Monday Momentum
Posts
The Decade of Nines

The Decade of Nines

Why Karpathy says AGI is further away than you think and why scaling performance is so difficult

Justin Wright
October 27, 2025 • Est. Reading Time: 10 minutes

Happy Monday!

Last week, Andrej Karpathy dropped a reality check that sent shockwaves through the AI community. The OpenAI co-founder and former Tesla AI director was a guest on Dwarkesh Patel's podcast and said that AGI is still a decade away. Not two years, not five years, a full decade. Even more pointed: today's AI agents are "slop," not the reliable digital workers being marketed to the world.

This isn't pessimism from a skeptic. This is pragmatism from someone who spent five years watching Tesla's self-driving program march through what he calls "nines" where every incremental improvement from 90% to 99% to 99.9% takes the same grueling amount of work.
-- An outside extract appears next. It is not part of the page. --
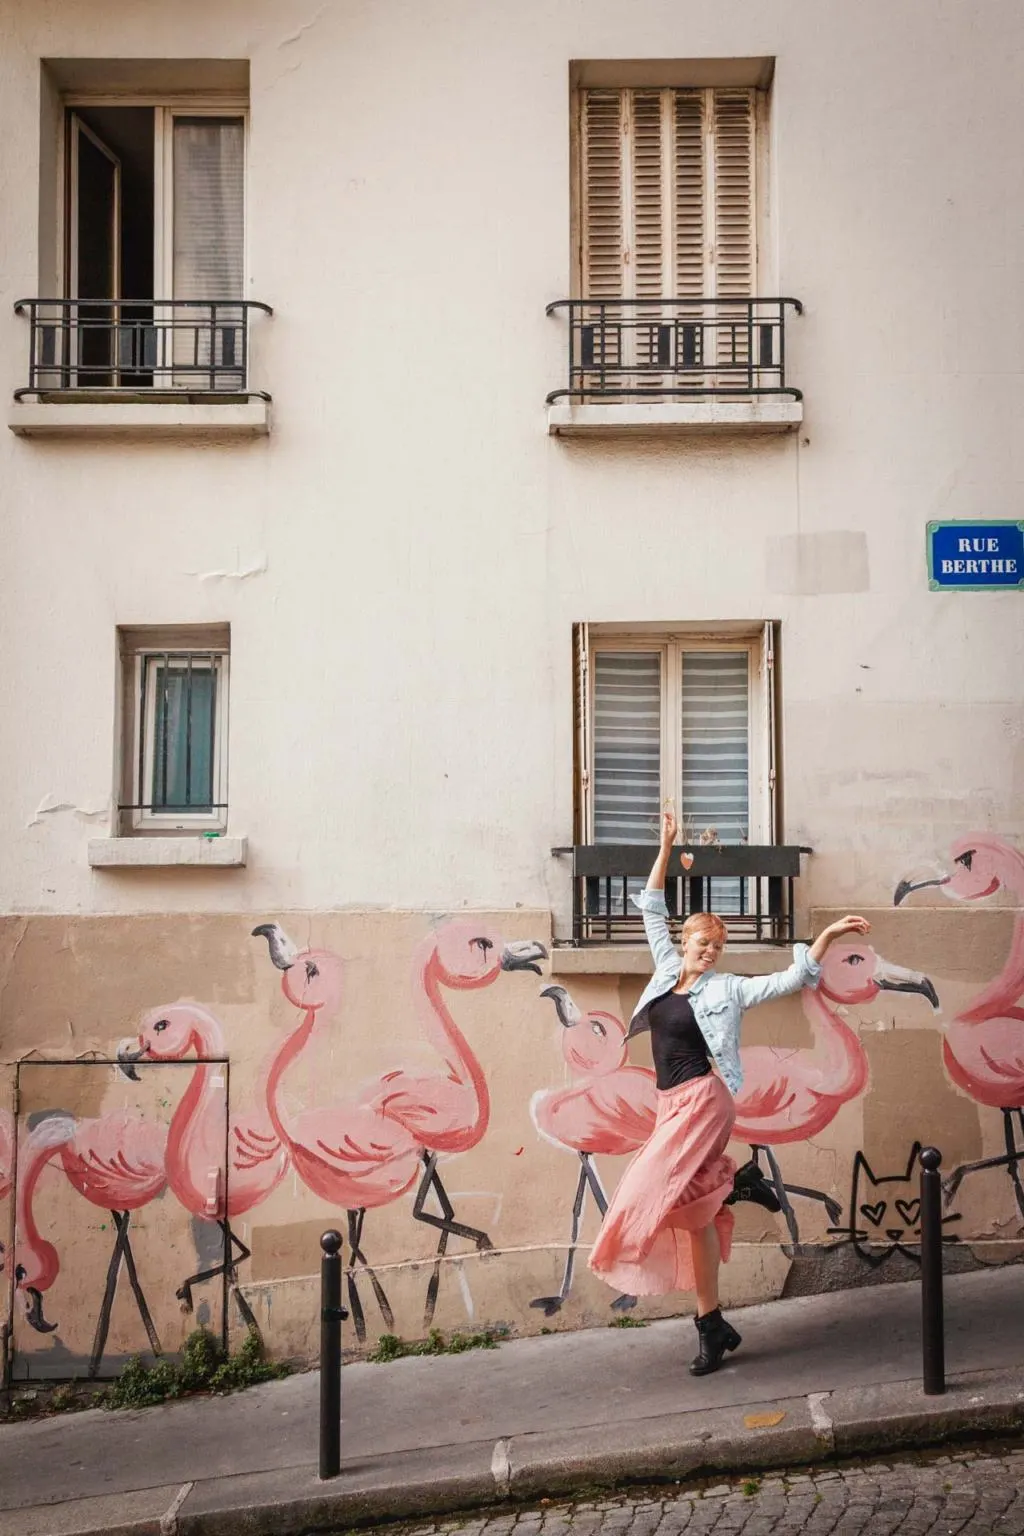 Flamingo Street Art, Montmartre, Rue Berthe, Paris

While Jensen Huang declares 2025 "the year of AI agents" and Dario Amodei predicts systems "better than almost all humans at almost all things" by 2027, the engineer who actually built these systems is warning about fundamental cognitive deficits that won't be fixed by scaling alone.

The gap between demo and product, between impressing users and actually replacing employees, remains vast. Understanding why reveals everything about where AI is actually headed.
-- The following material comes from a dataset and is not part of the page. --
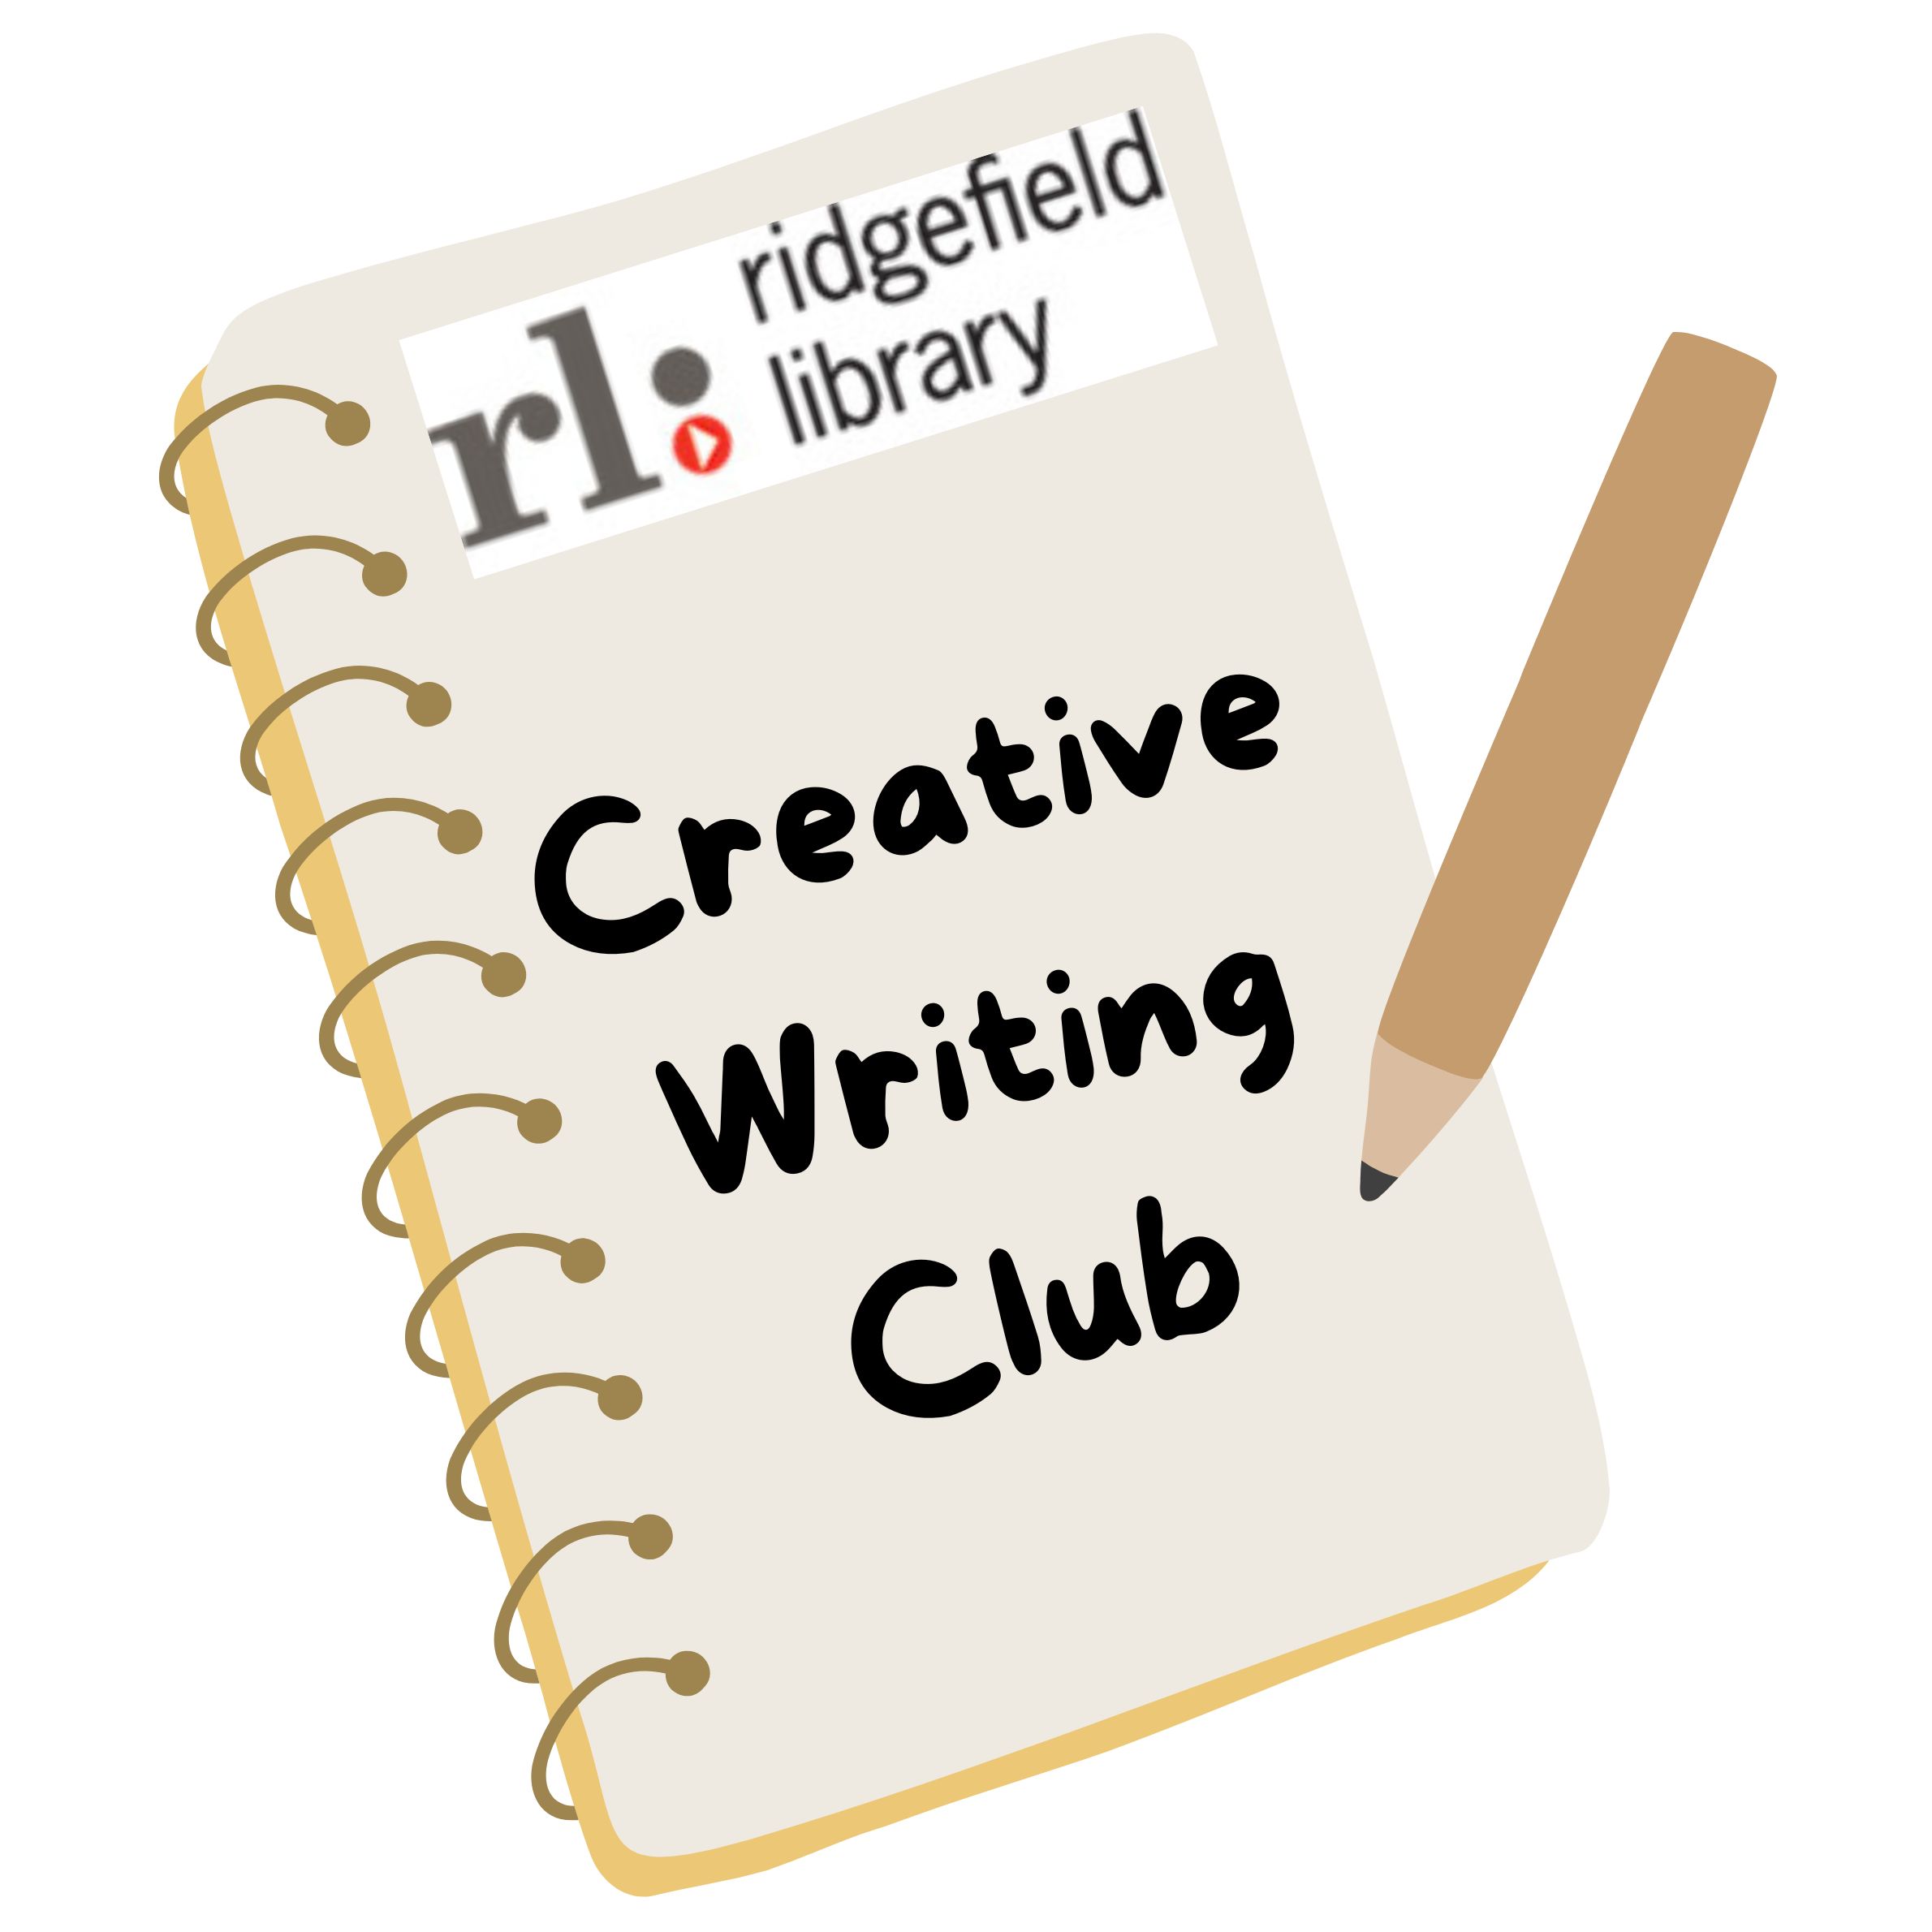 description of club creative writing

Karpathy argues AGI is a decade away because current models suffer from fundamental architectural problems. They lack continual learning, collapse into repetitive outputs, and memorize too much while generalizing too little. Reinforcement learning "sucks supervision through a straw" by rewarding lucky guesses the same as genuine reasoning. The real AI progress happens through augmented intelligence and grinding incremental improvements, not sudden breakthroughs.

TL;DR

The Cognitive Core Problem

Karpathy introduces a framework that cuts through the hype: separate an LLM's knowledge from its cognitive core. Pre-training does two unrelated things: it loads models with facts while teaching algorithmic patterns like in-context learning. The problem? All that memorized knowledge actually holds models back.
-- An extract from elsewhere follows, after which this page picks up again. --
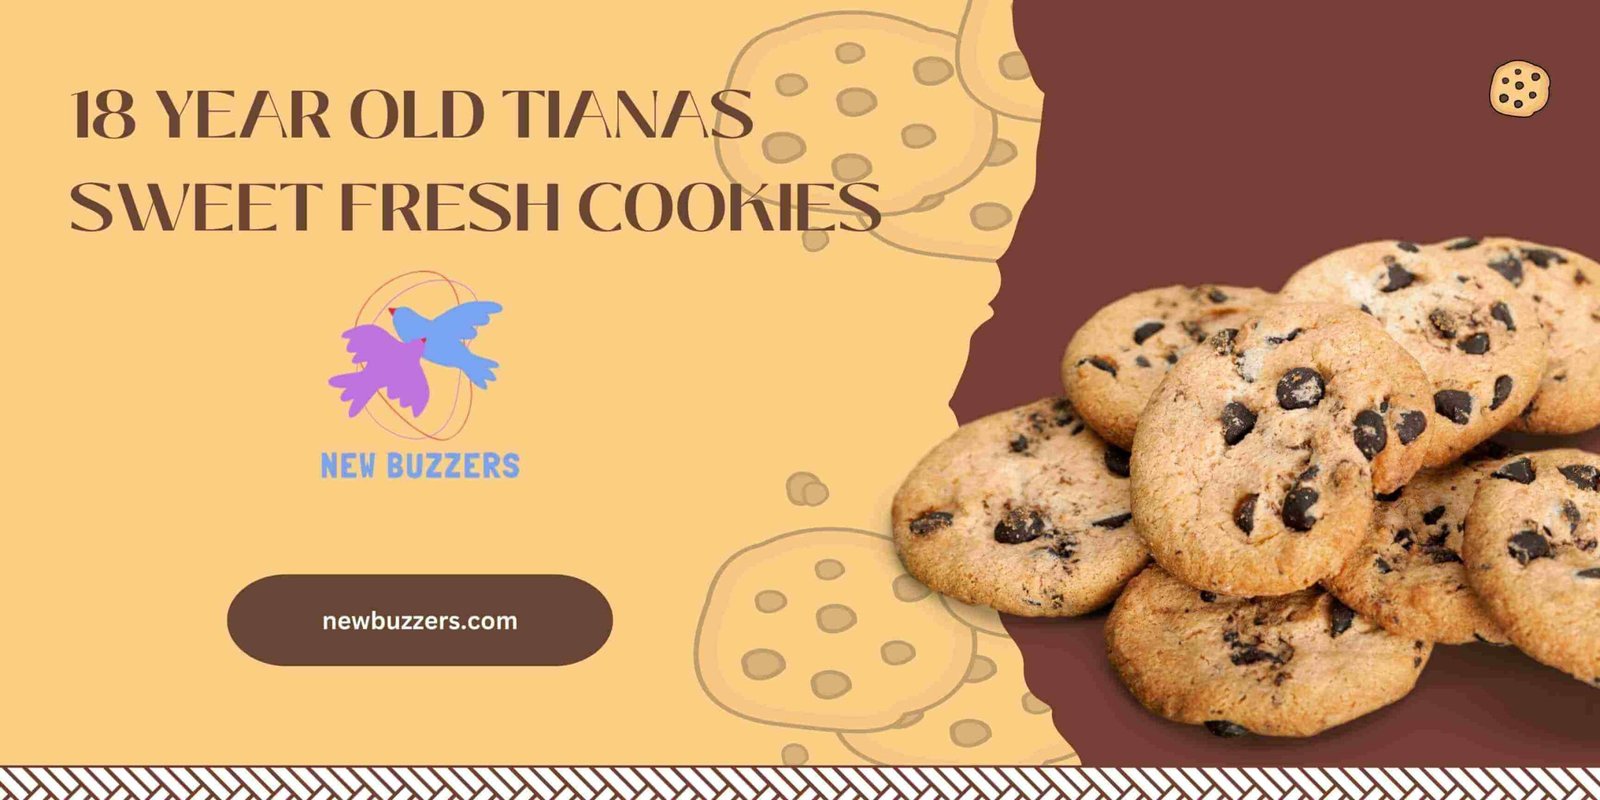 18 Year Old Tianas Sweet Fresh Cookies - Newbuzzers

LLMs compress 15 trillion tokens into billions of parameters which act as a "hazy recollection" of the internet. Unlike humans who forget and therefore generalize, LLMs get distracted by encyclopedic recall. Ask ChatGPT for a joke and you'll get one of three. The models are "silently collapsed" in that their outputs occupy a tiny sliver of possible responses.

Karpathy believes the optimal "cognitive core,” or pure intelligence stripped of memorized facts, could be as small as one billion parameters. That's 1,000x smaller than frontier models. Why the bloat? The training data, because it is composed of the actual internet instead of curated articles, is garbage. Random stock tickers, deprecated code, contradictions everywhere. Models need massive capacity just to compress that noise.

The implication: we need intelligent models to refine training data itself, then distill that into smaller, purer cognitive cores. The real solution starts with separating signal from noise.

Why Reinforcement Learning is "Terrible"

Karpathy reserves his harshest criticism for reinforcement learning, calling it "terrible," "stupid," and "crazy." Imagine solving a math problem. You try 100 approaches consisting of productive dead ends, lucky guesses, and genuine insights. One trajectory stumbles onto the correct answer.

The solution, according to reinforcement learning, is to upweight every single token in that winning trajectory. Every wrong turn and every lucky guess are all treated as correct decisions. Karpathy describes this as "sucking supervision through a straw." You do minutes of work, then compress all learning into a single binary reward signal broadcast across the entire trajectory.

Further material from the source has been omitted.